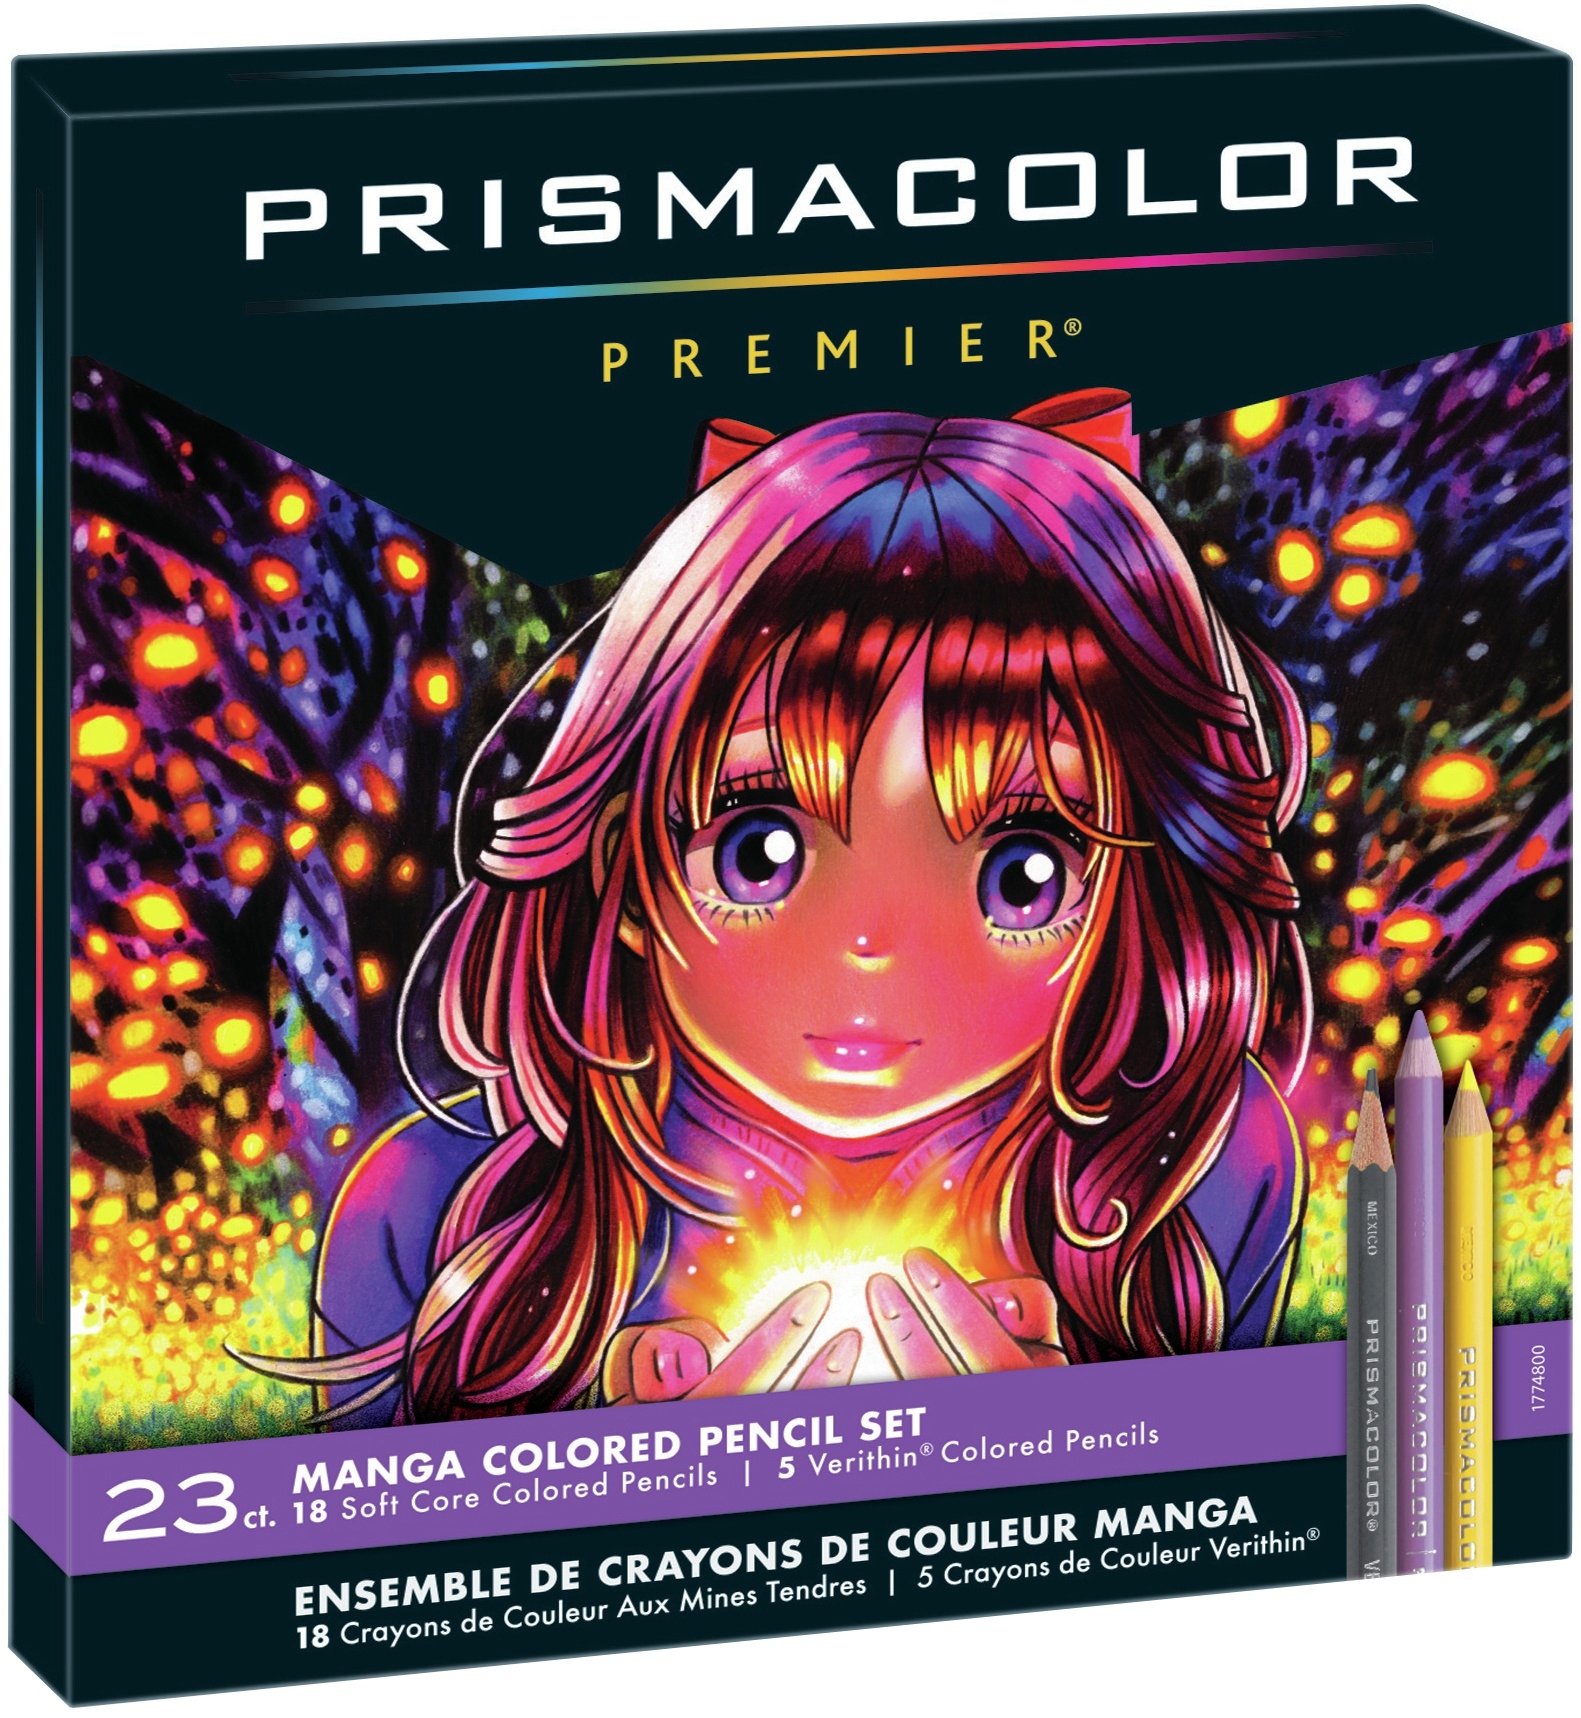 Set de 150 Lápices de Colores - Prismacolor Premier
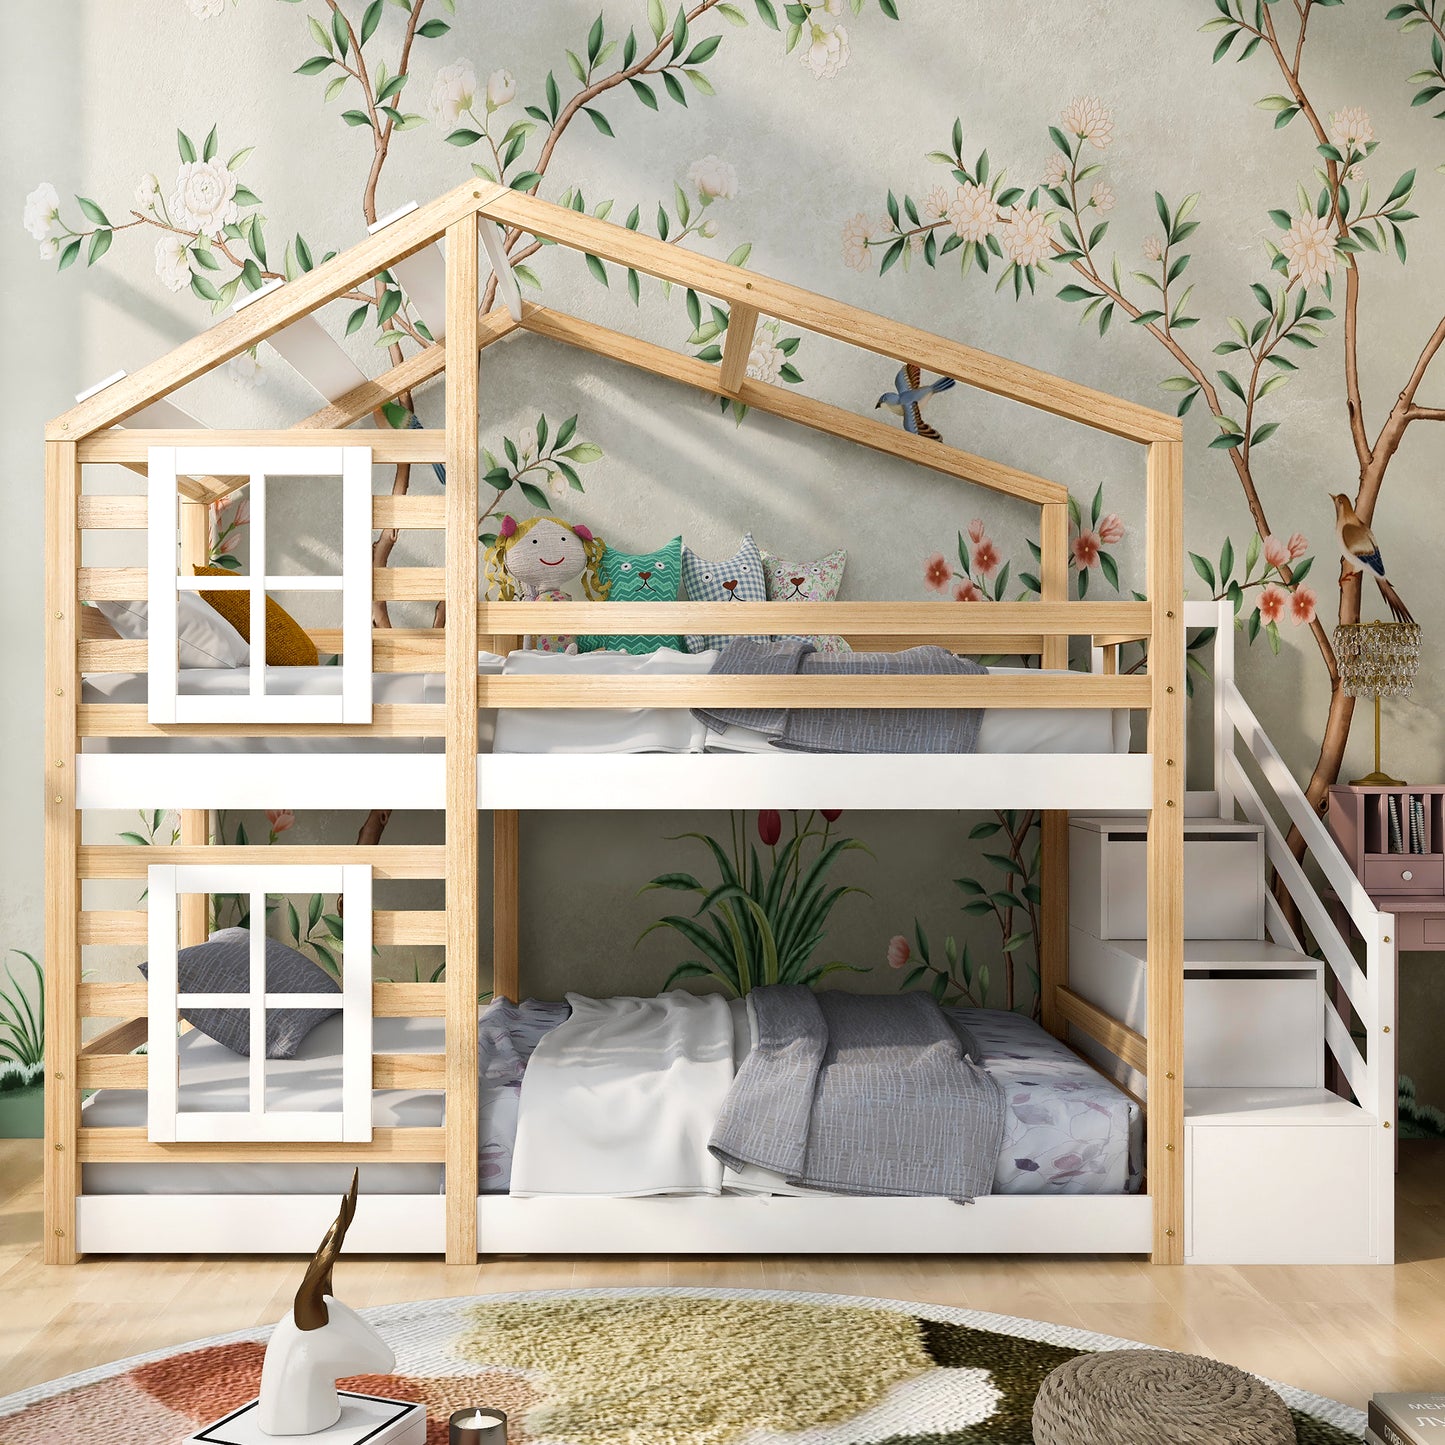 Barnsäng,Säng90 x 200 cm, loft säng för barn- 2x lamellat ram- natur & vit
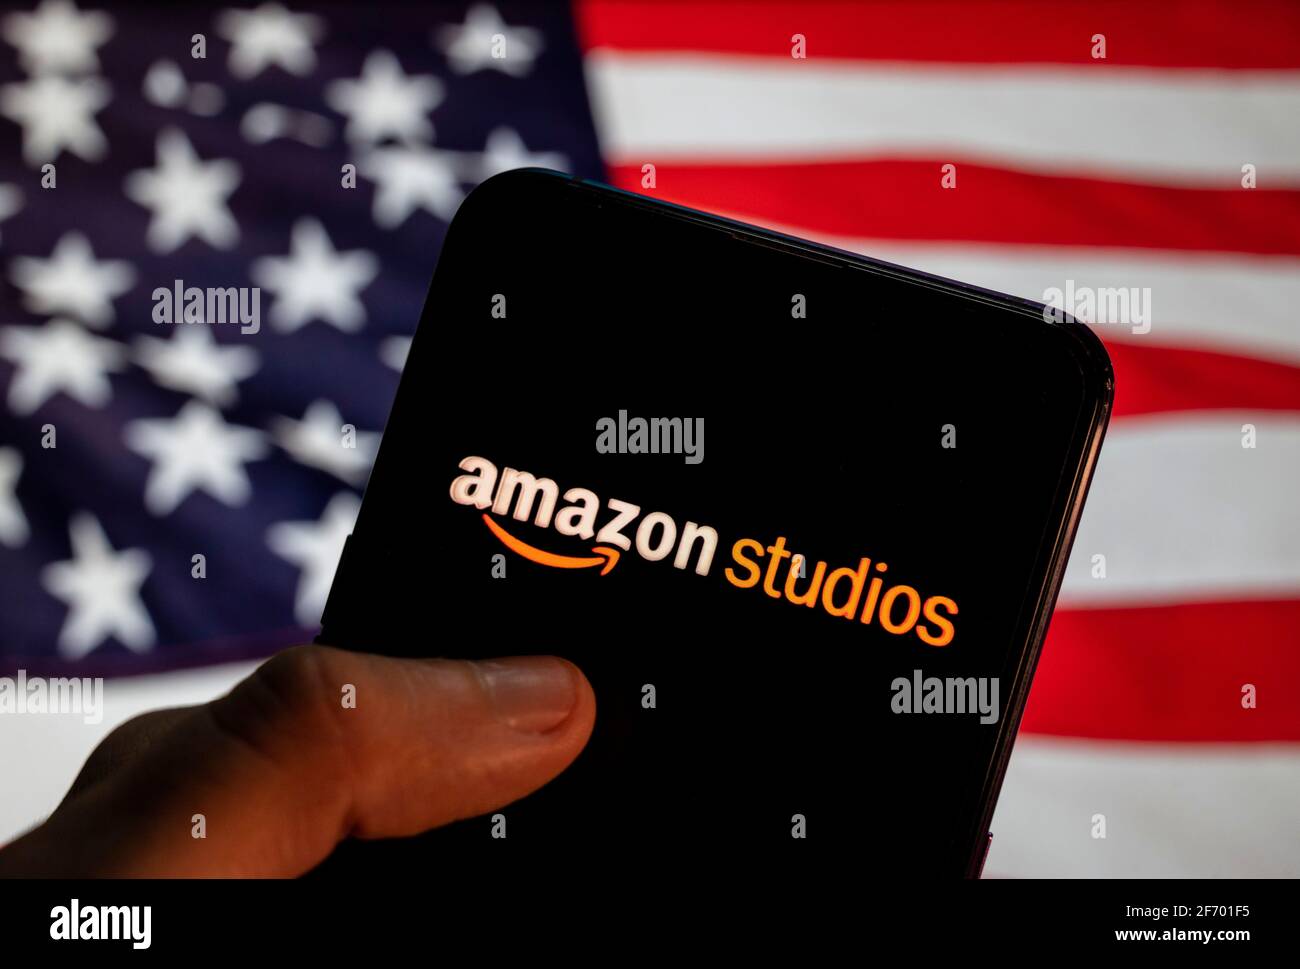 Cina. 27 Marzo 2021. In questa illustrazione fotografica il distributore  americano di produzione televisiva di proprietà di Amazon, il logo Amazon  Studios visto su uno smartphone con una bandiera degli Stati Uniti

▶ **EXERCISE OBJECTIVE**: Omit the pictures, then print the rest of the listing above exactly.

▶ **TASK ANSWER**:
 Set de 150 Lápices de Colores - Prismacolor Premier
 Barnsäng,Säng90 x 200 cm, loft säng för barn- 2x lamellat ram- natur & vit
 Cina. 27 Marzo 2021. In questa illustrazione fotografica il distributore  americano di produzione televisiva di proprietà di Amazon, il logo Amazon  Studios visto su uno smartphone con una bandiera degli Stati Uniti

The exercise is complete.